Information provided:

━━━

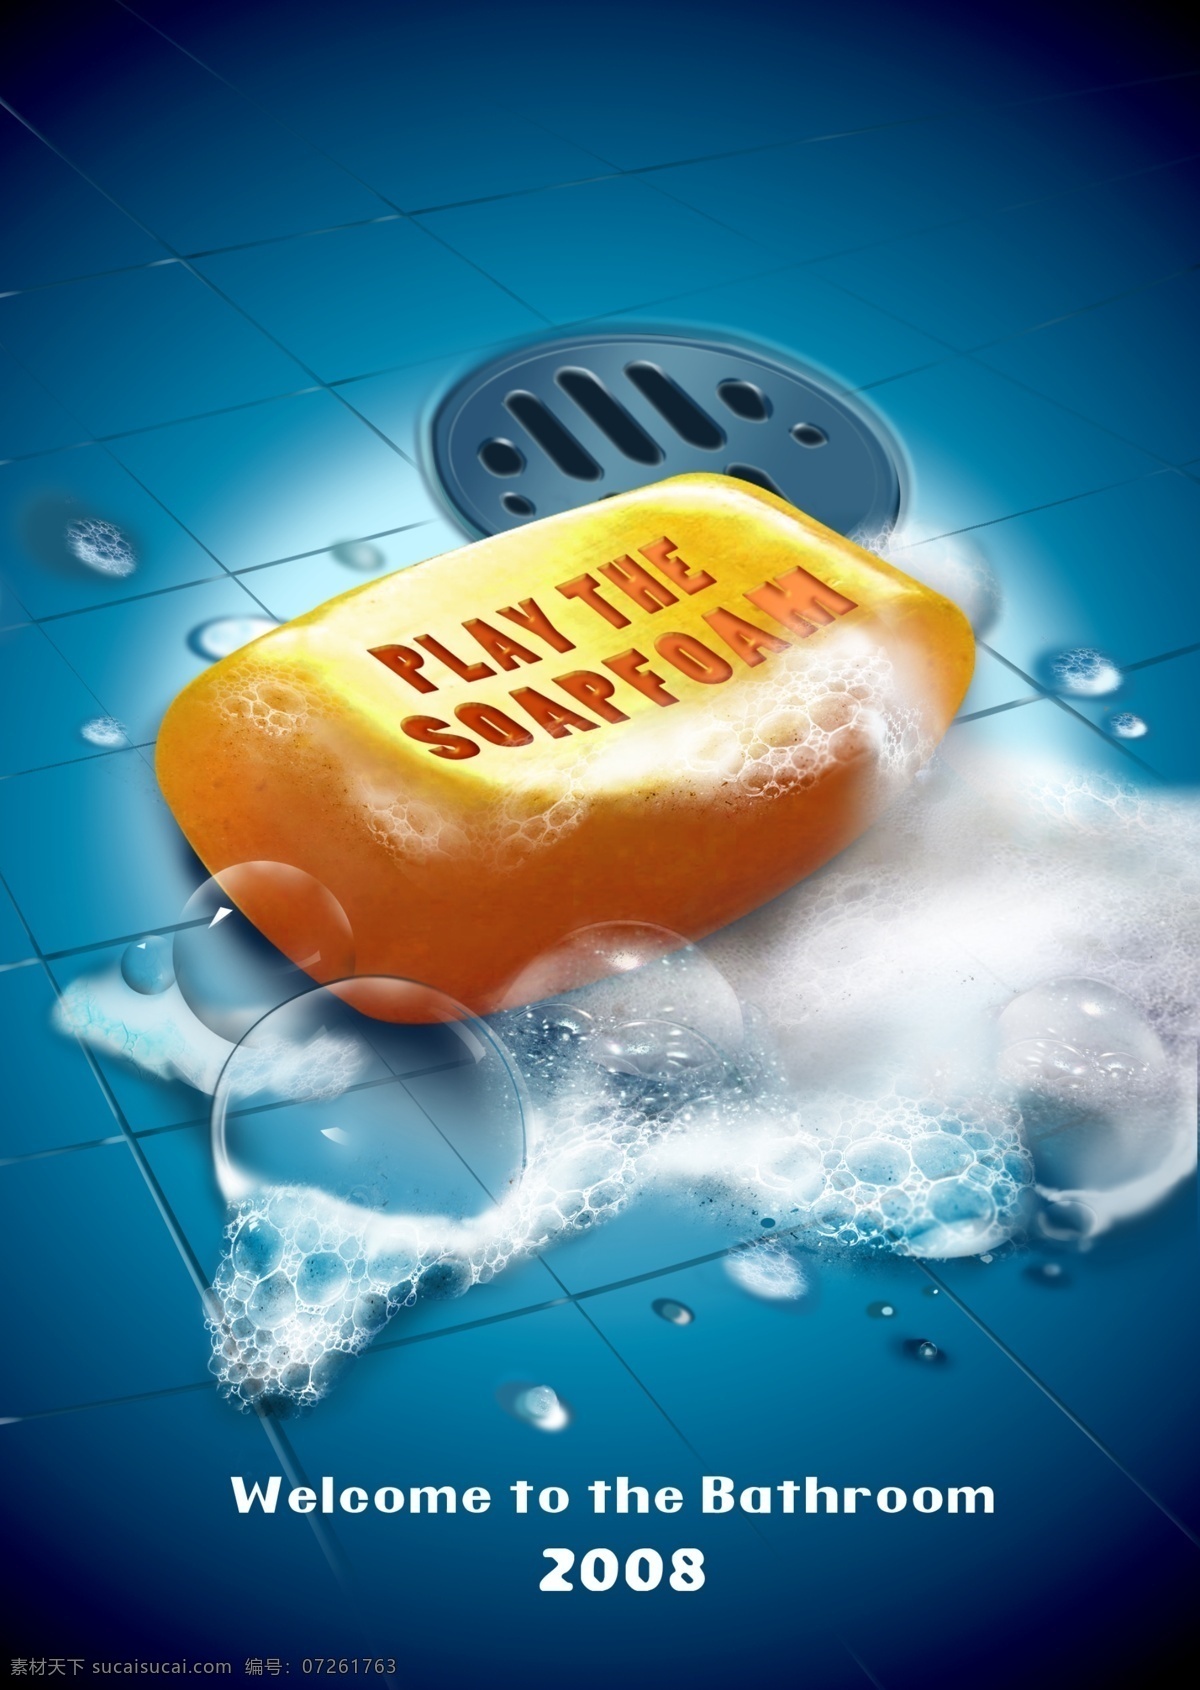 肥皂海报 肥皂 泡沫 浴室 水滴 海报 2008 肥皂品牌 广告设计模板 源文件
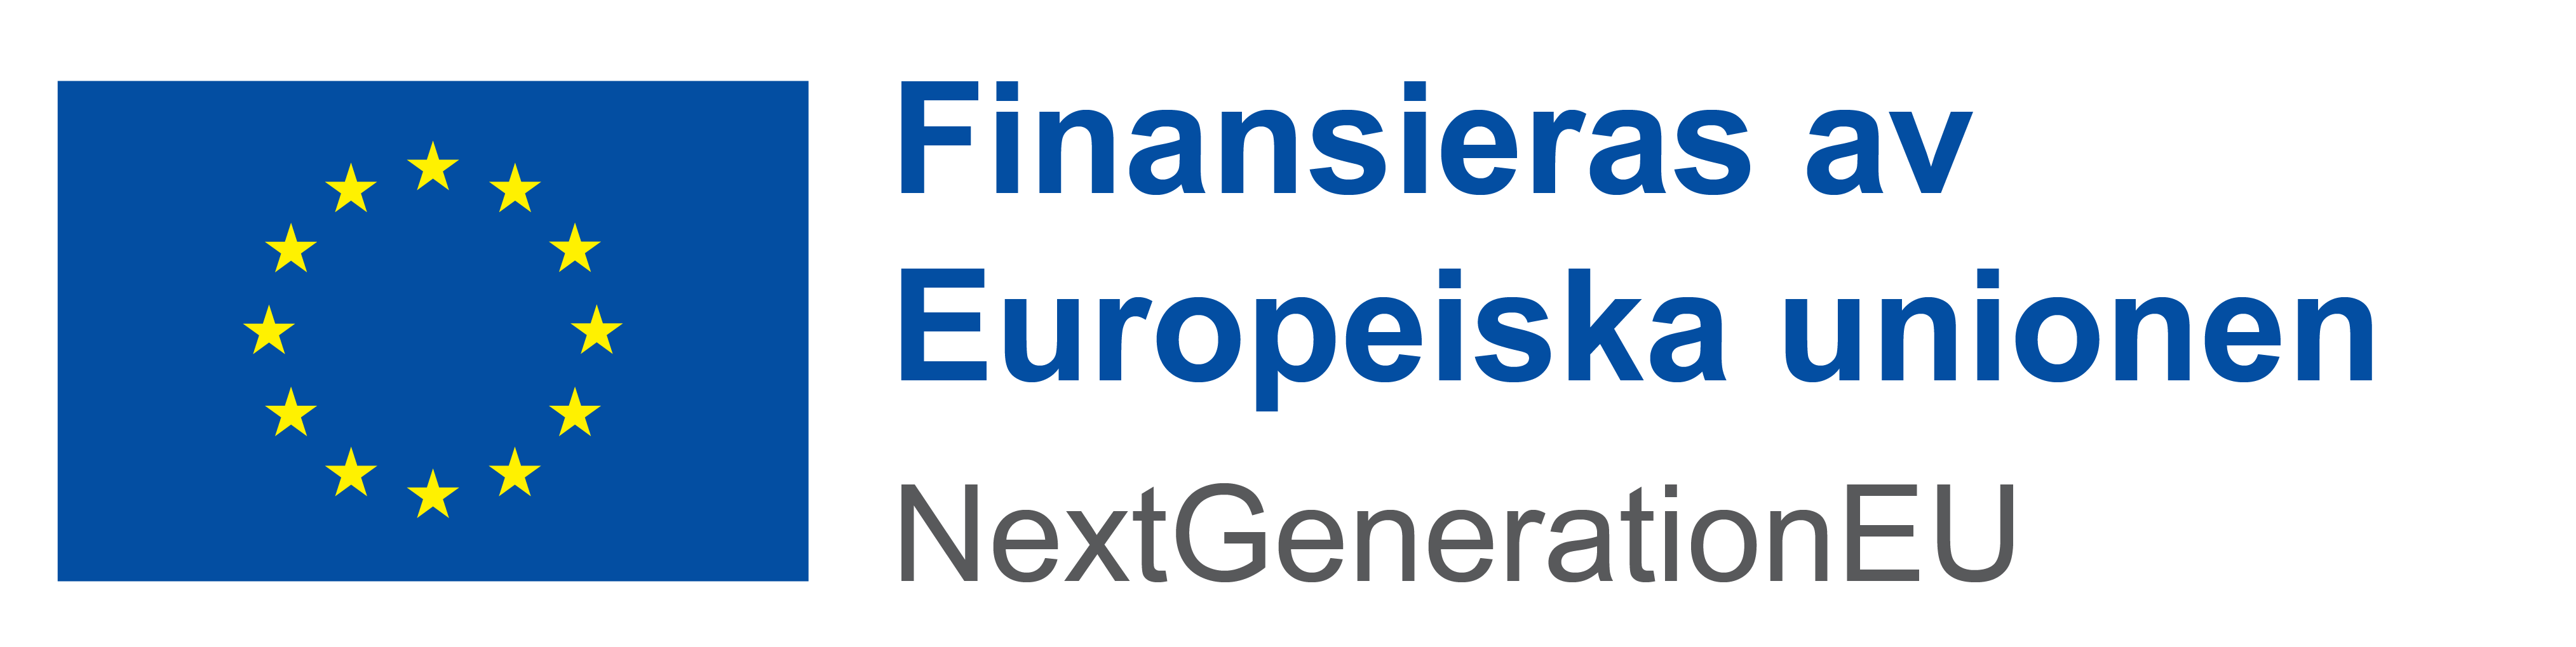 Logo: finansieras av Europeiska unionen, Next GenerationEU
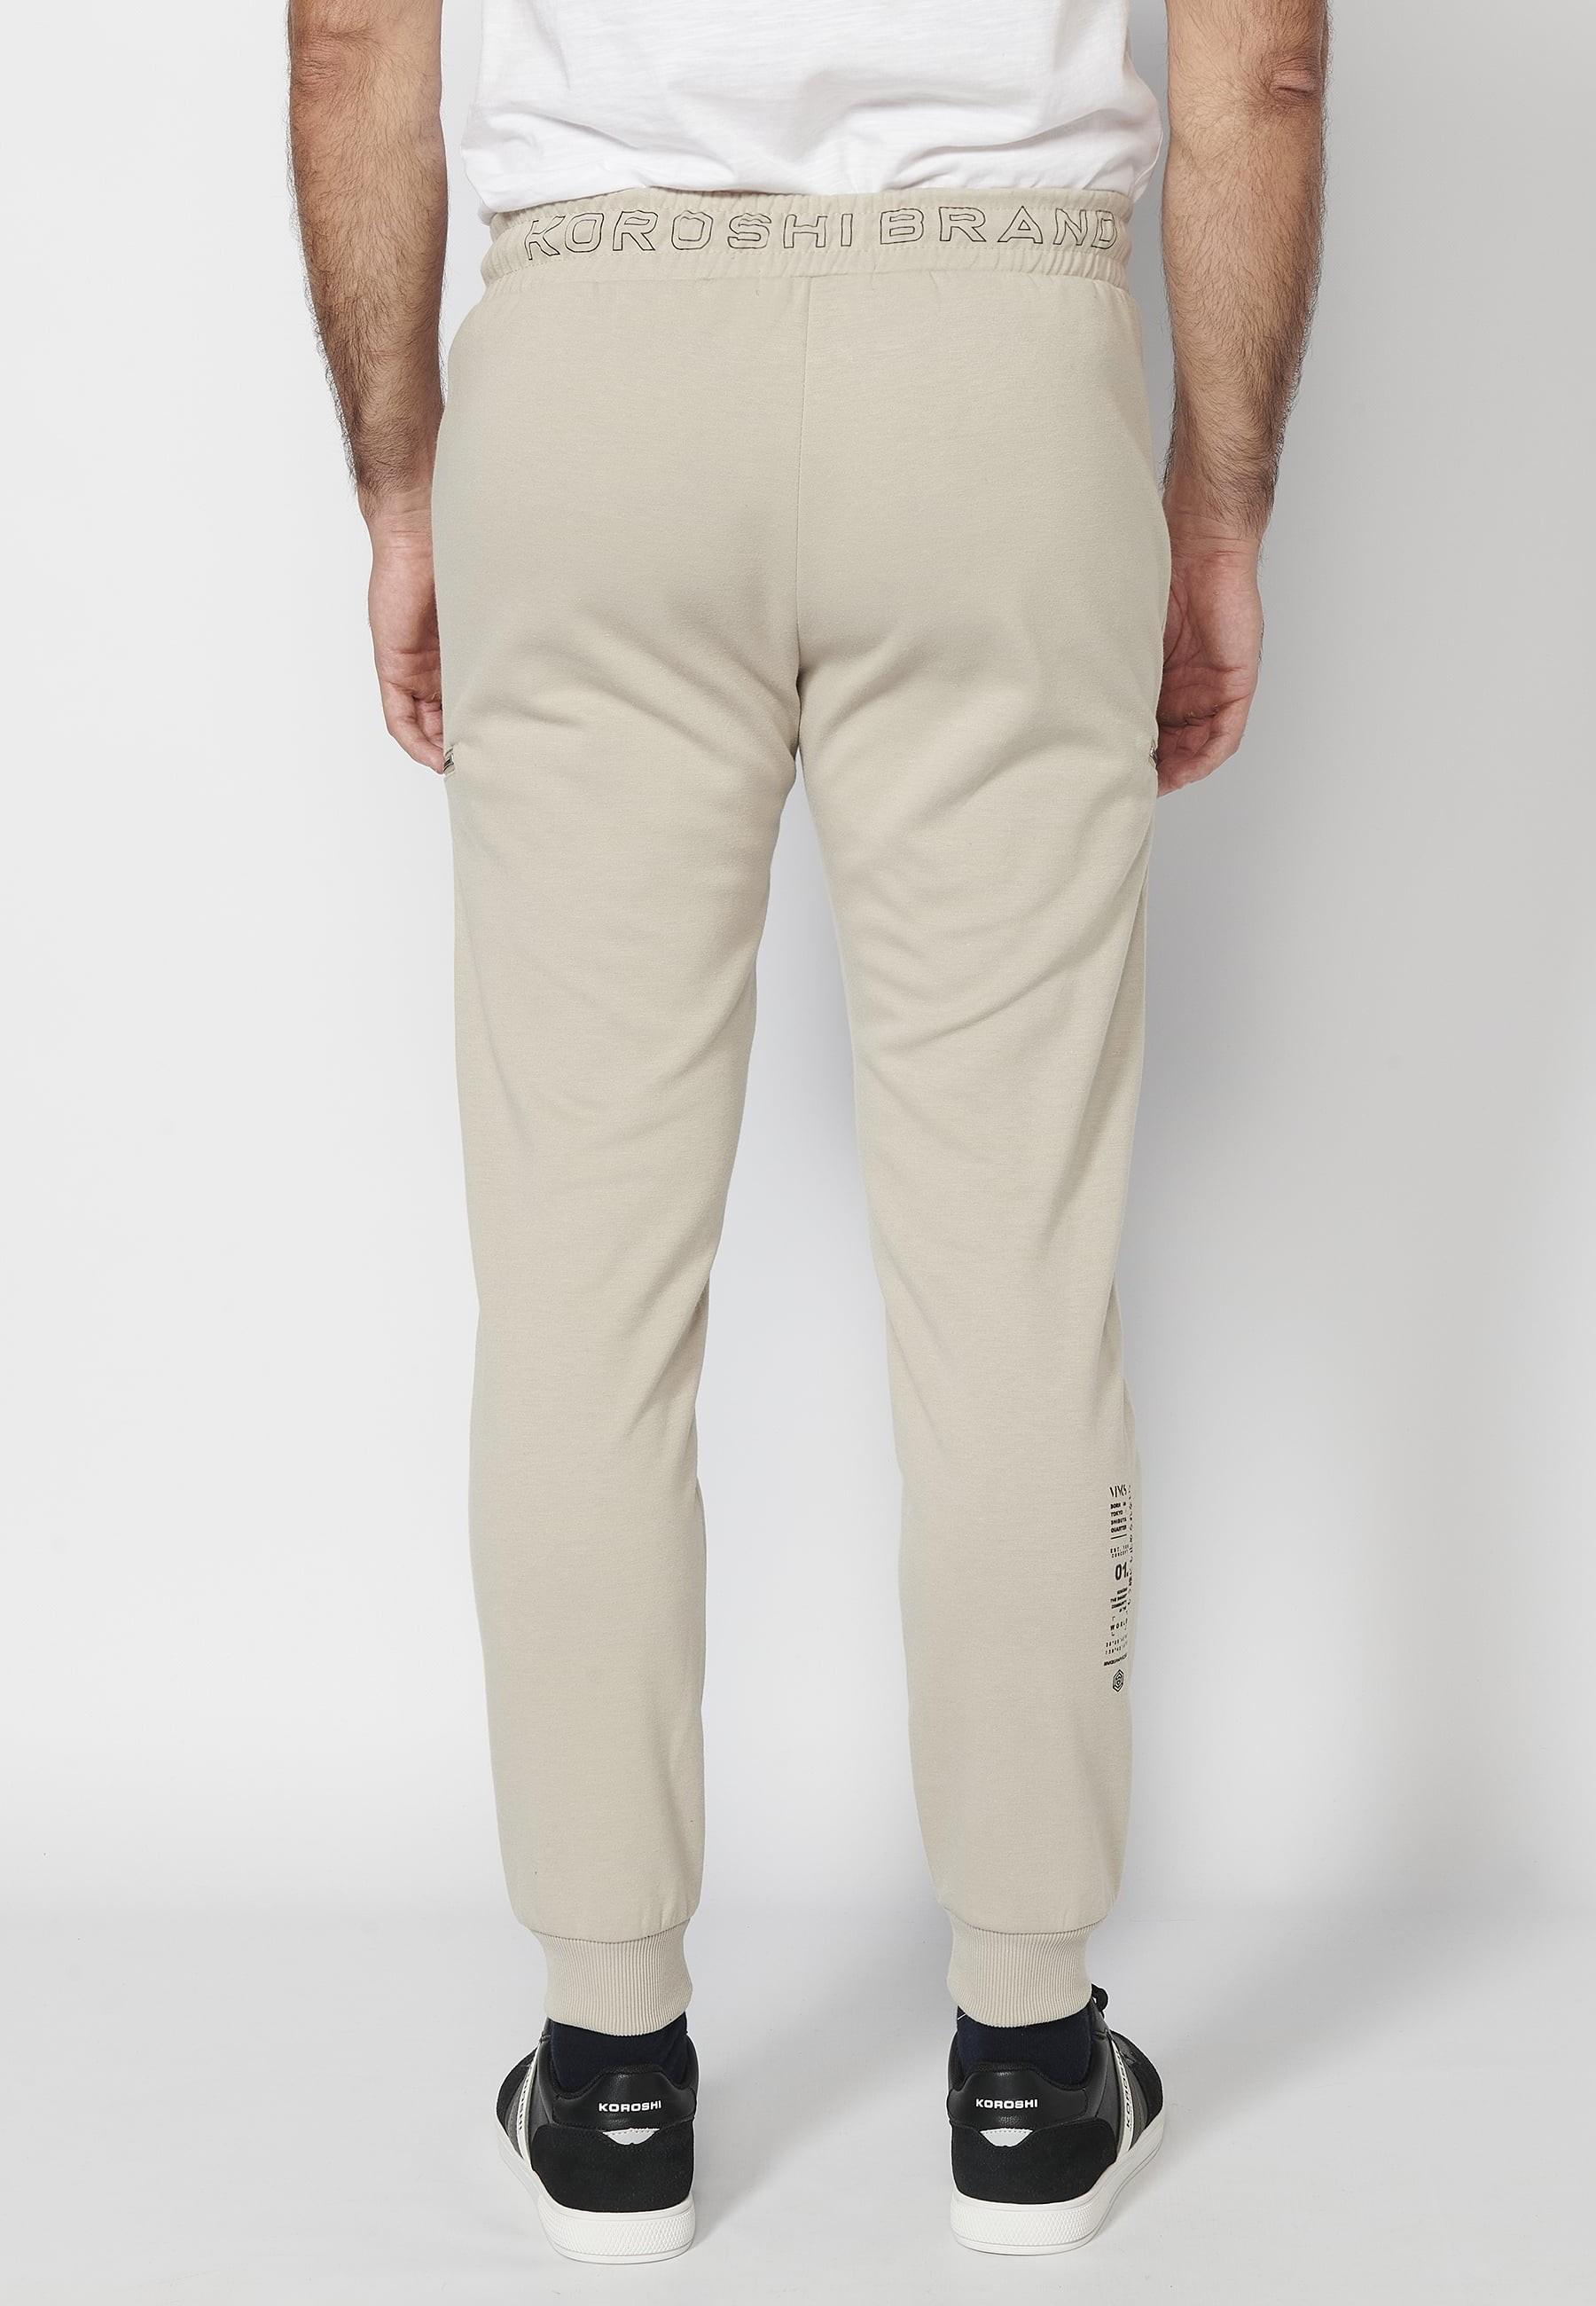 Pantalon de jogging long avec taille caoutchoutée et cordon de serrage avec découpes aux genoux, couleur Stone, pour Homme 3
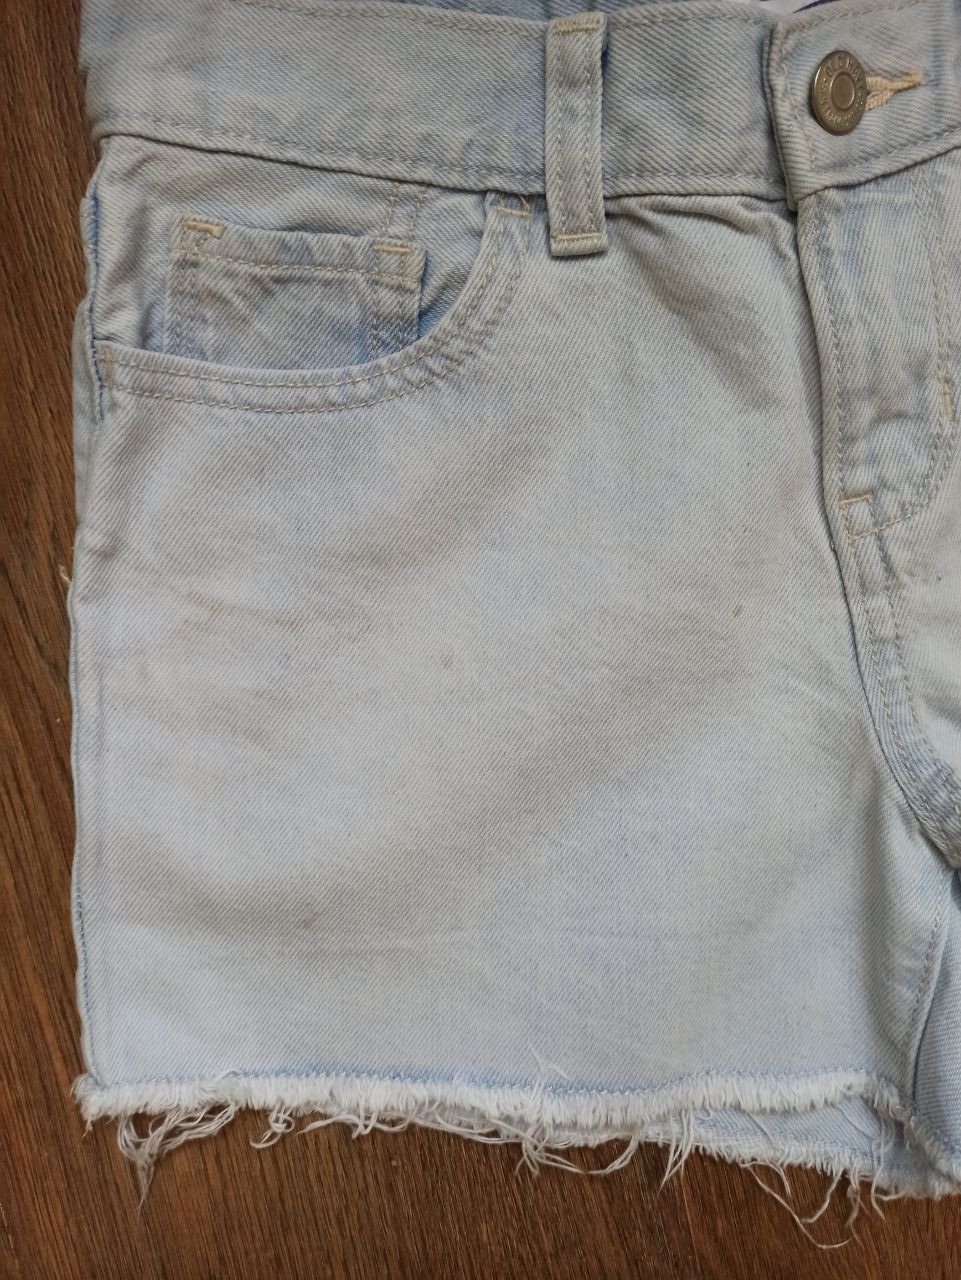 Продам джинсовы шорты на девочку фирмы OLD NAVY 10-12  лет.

━━━

Task goal: The listing must be returned in full and exactly, apart from its pictures.

Written response:
 肥皂海报 肥皂 泡沫 浴室 水滴 海报 2008 肥皂品牌 广告设计模板 源文件
 Logo: finansieras av Europeiska unionen, Next GenerationEU
 Pantalon de jogging long avec taille caoutchoutée et cordon de serrage avec découpes aux genoux, couleur Stone, pour Homme 3
 Продам джинсовы шорты на девочку фирмы OLD NAVY 10-12  лет.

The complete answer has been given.